When Hamish had gone, Joel turned briskly and left the house, wiping his feet on the doormat as he left.

Trust Joel for that little bit of drama.

Megan had tears in her eyes – for Hamish, I think – and perhaps Joel.  Carl’s voice was raspy.  Paul and I were embarrassed and both started to apologise for the scene at once.

Carlos interrupted and reassured us.

“We all know that the word of God is not welcome among unbelievers.  It should be no surprise to us that Joel was hostile to Megan or myself that he didn’t like his son being with believers.  We’re just not used to such strong reactions at home.  This is a part of everyday where we are normally.”

Which is all very well but Joel was still horribly rude.  And his son, despite his lack of fear for his faith was terrified of his father.

Suddenly then Megan got up and hurried from the room with Carlos behind her.

There must have been some kind of routine to this because Jonah frowned, stood and with Emily by his side went purposely from the room in a different direction.  Jazzy – somehow after Joel’s soap opera scene had fallen asleep in a bean bag.
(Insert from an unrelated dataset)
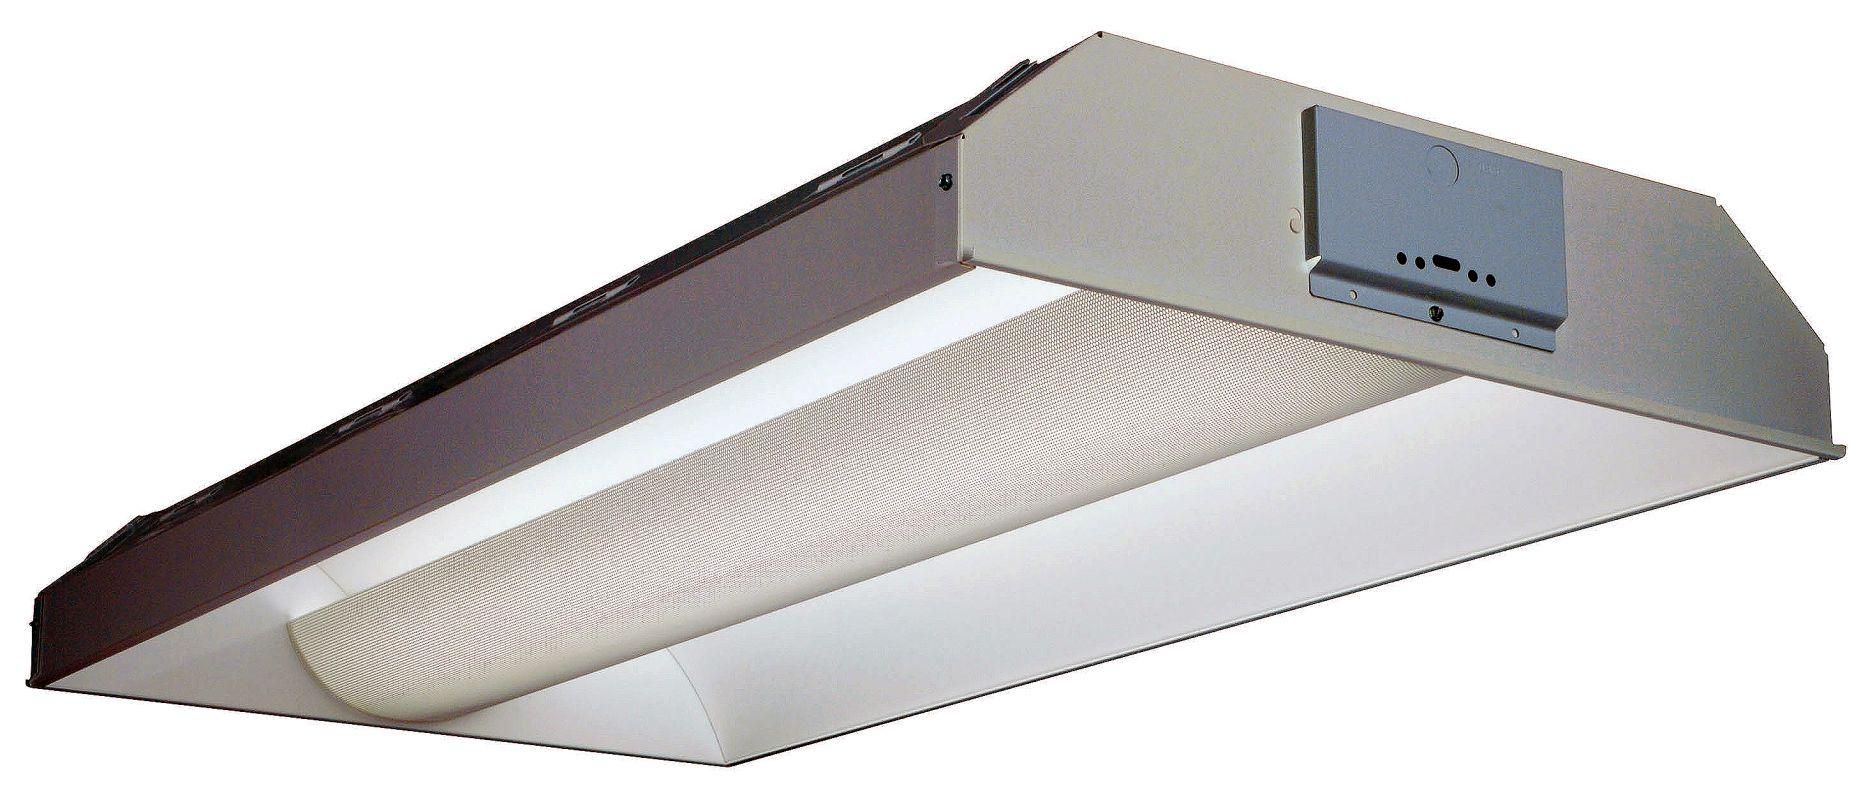 "Lithonia Lighting 2AV G 3 32 MDR MVOLT GEB10IS 3 Light 48"" Fluorescent"

Paul and I just looked at each other.

“She’s out like a light.  We should go soon.”

“Yeah.  Wait ’til Megan comes back and we can find Emily then.”

“Nice people.”

“Yeah.  I hope I get to see more of Megan.  She says she doesn’t really know a lot of people around here.  She could make a good friend.”

“You haven’t really had that for a while – what with Kylie overseas and Lisa gone … ”

“No.  What did you think of Carlos?”

“Seems like a good bloke.  He said he’d come and help Andy and I sort out a couple of the questions I’m having that he can’t answer.”

“That’s great.”

“Yeah.  I’m beginning to think so.”

Megan and Carlos come back in.

“Where are the kids.”

“Went walkabout.”

“Ah. Sorry.  People tell you about morning sickness – mine comes at night.  Half Irish, you see.”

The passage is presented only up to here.